Courses/Python/Concurrency: Threads vs Processes

    Lesson 22 • Advanced

    Concurrency in Python: Threads vs Processes

    Master Python's concurrency models and learn when to use threads, processes, or AsyncIO for maximum performance.

    What You'll Learn in This Lesson

    • • The difference between concurrency and parallelism — and why it matters
    • • How Python threads work and when the GIL limits you
    • • When to use threading vs multiprocessing vs asyncio
    • • How to share data safely between threads using locks and queues
    • • How to spawn and manage worker processes for CPU-bound tasks
    • • Real-world patterns: scrapers, batch processors, concurrent file downloads

    🔥 1. Why Concurrency Exists

    Computers run tasks in parallel using:

    • CPU cores → true parallelism (multiple chefs)
    • Scheduling → switching between tasks (one chef, many pots)
    • I/O waits → idle time you can use productively (waiting for water to boil)
    Type of WorkWhat It MeansBest SolutionReal Example
    CPU-boundHeavy calculations that keep the CPU busymultiprocessingImage processing, ML training
    I/O-boundWaiting for external resourcesthreads or asyncioAPI calls, file downloads

    ⚙️ 2. Threads in Python

    A thread is a lightweight unit of execution within a single process.
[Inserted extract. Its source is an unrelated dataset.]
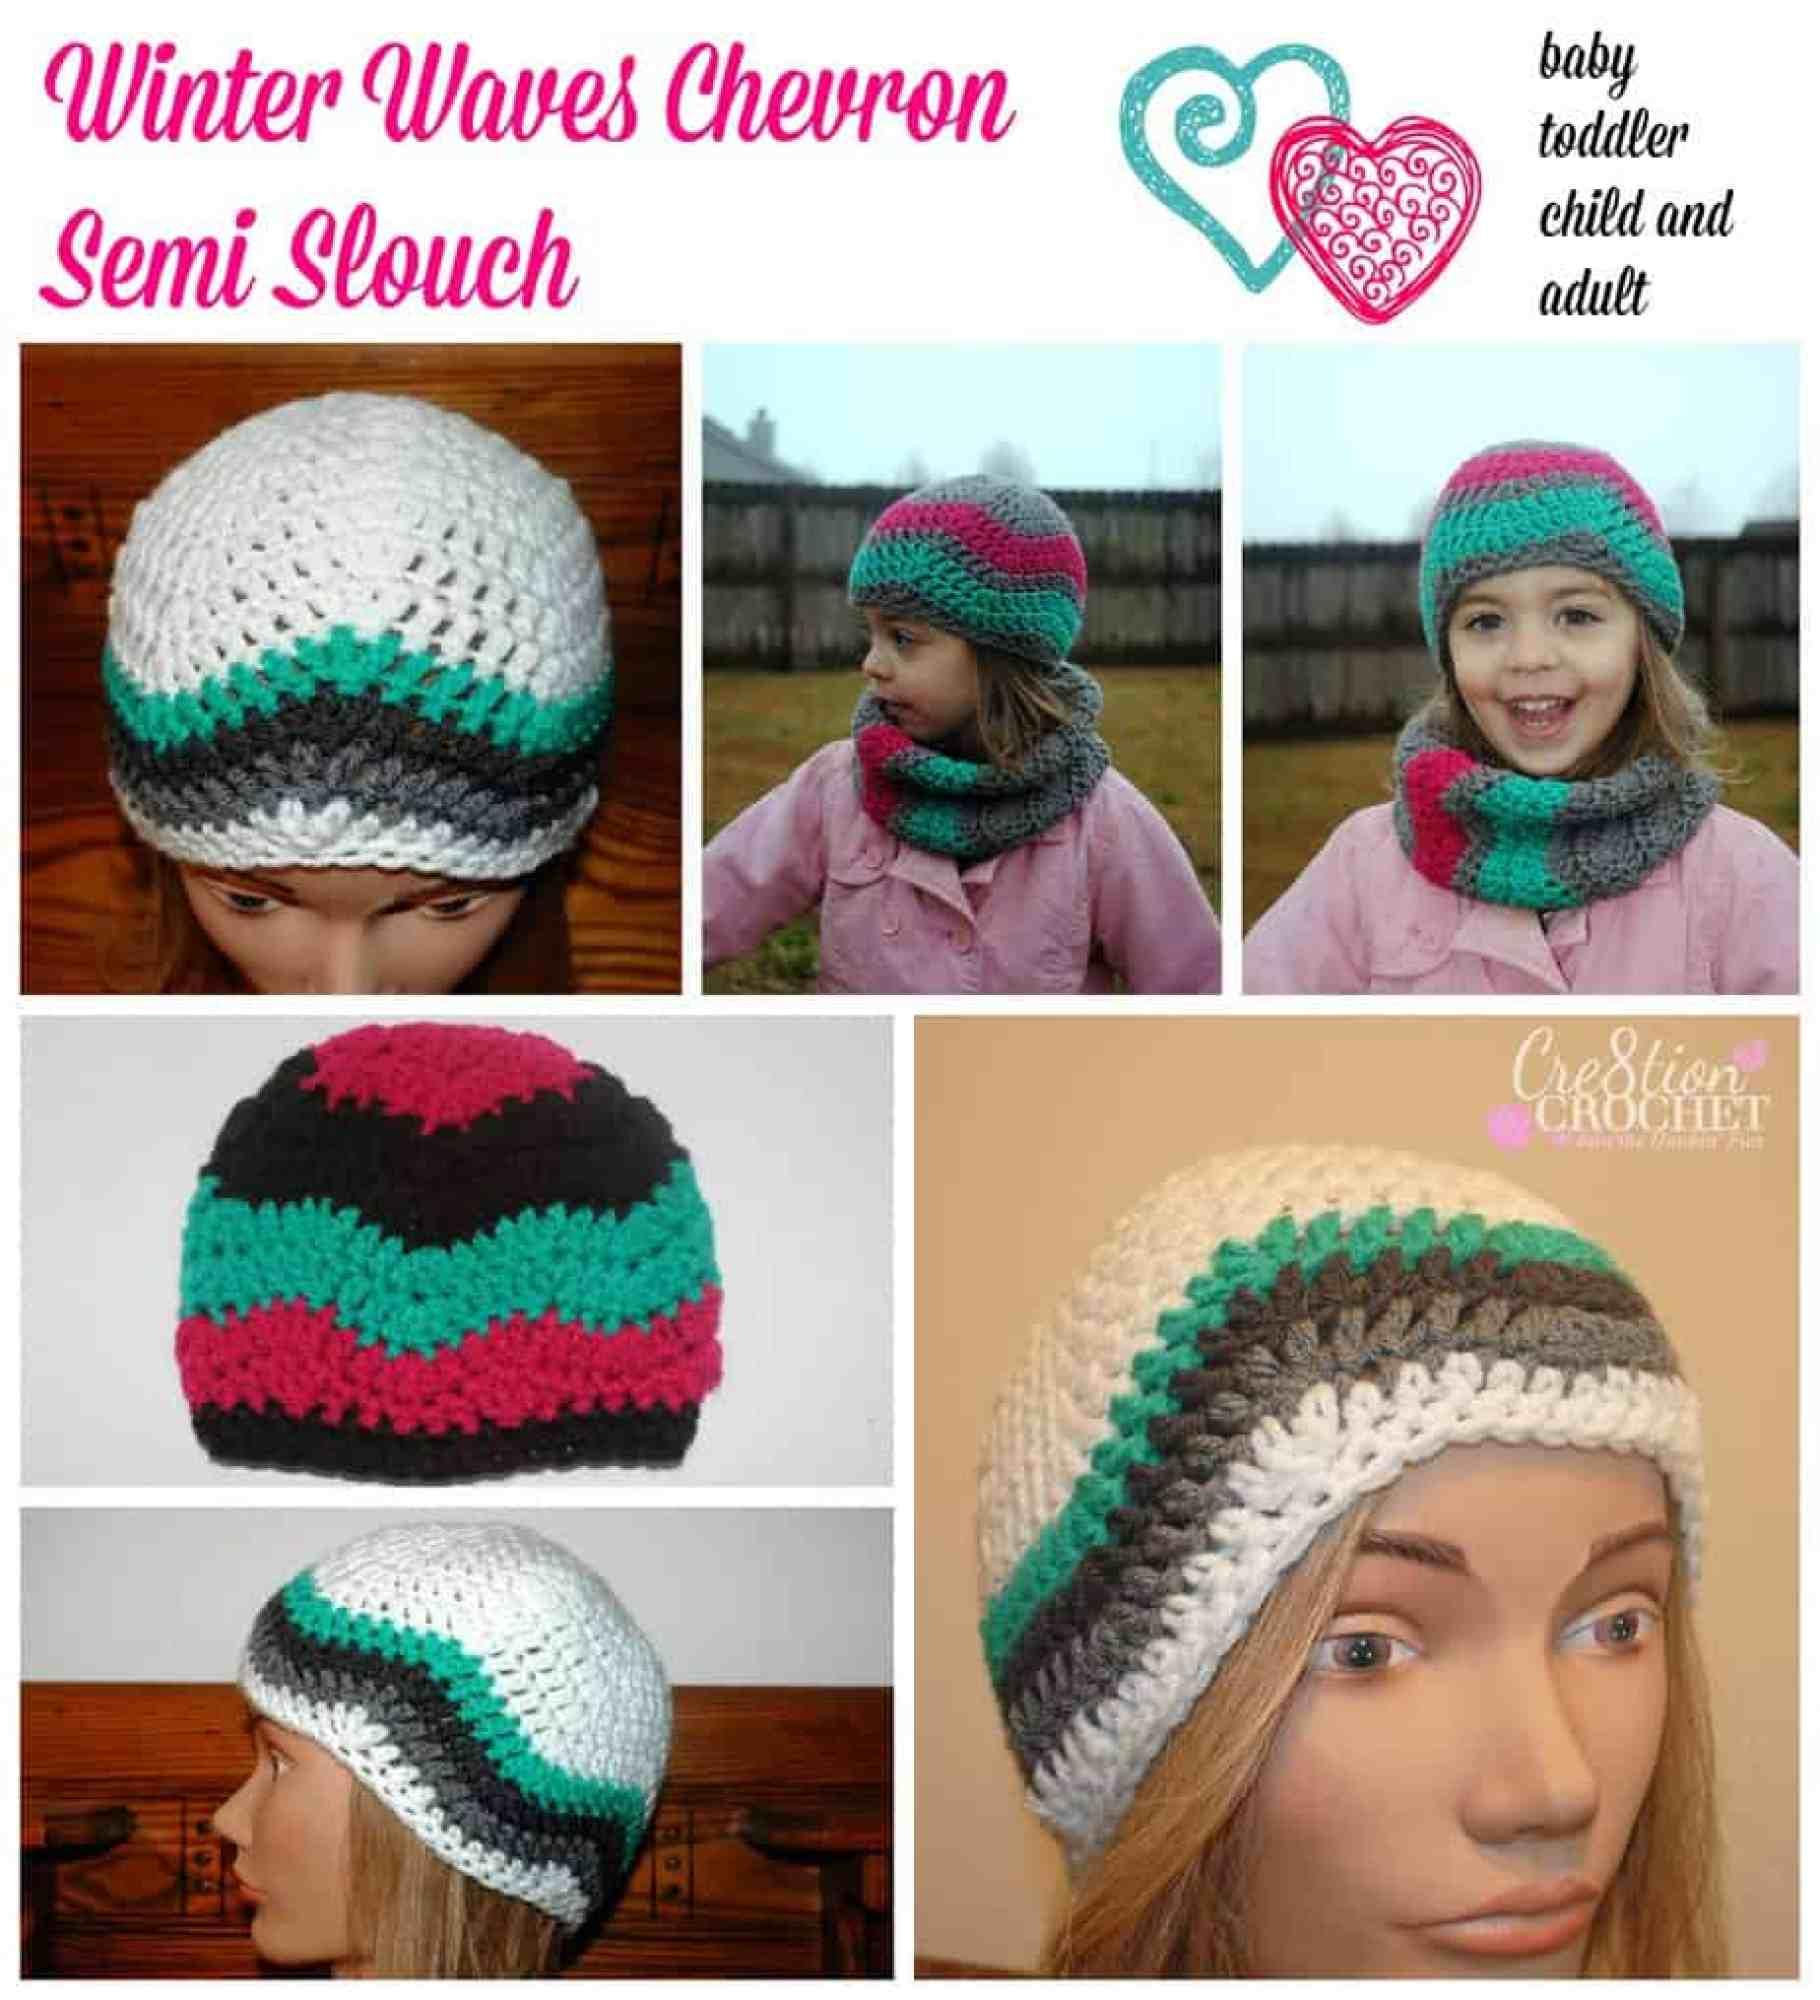 Winter Waves Chevron Cowl And Beanie Free Crochet Pattern Crochetkim

    What Threads ShareWhy It Matters
    MemoryFast communication, but risk of conflicts
    VariablesEasy data sharing, but need locks for safety
    File handlesCan work with same files simultaneously
    Python interpreterLimited by GIL for CPU work

    ✔ Good for:

    • network requests (waiting for servers)
    • reading/writing files (waiting for disk)
    • user interface responsiveness (don't freeze the UI)
    • downloading many URLs (lots of waiting)

    ❌ Not good for:

    • heavy computation (GIL blocks parallelism)
    • CPU-bound workload (use processes instead)

    Basic Threading

    Create and manage multiple threads

    Try it Yourself »
    Python
    import threading
    import time
    
    def task(name):
        # Each thread announces when it starts
        print(f"{name} starting")
        
        # Simulate I/O wait (like downloading a file)
        # During this sleep, other threads can run!
        time.sleep(0.5)
        
        print(f"{name} done")
    
    # Create 3 thread objects
    # Each thread will run the 'task' function with a different name
    threads = [
        threading.Thread(target=task, args=(f"Thread-{i}",))
        for i in range(3)
    ]
    
    # Start all threads (they begin running)
    
    ...

    🧠 3. Understanding the GIL (Global Interpreter Lock)

    The GIL (Global Interpreter Lock) is a mutex that protects access to Python objects.

    SituationGIL EffectResult
    Running Python codeGIL is heldOther threads wait
    Waiting for network/fileGIL is releasedOther threads can run
    Using C extensions (NumPy)Often releasedTrue parallelism possible

    This means:

    ❌ Threads cannot speed up CPU-heavy tasks

    (e.g., image processing, hashing, compression)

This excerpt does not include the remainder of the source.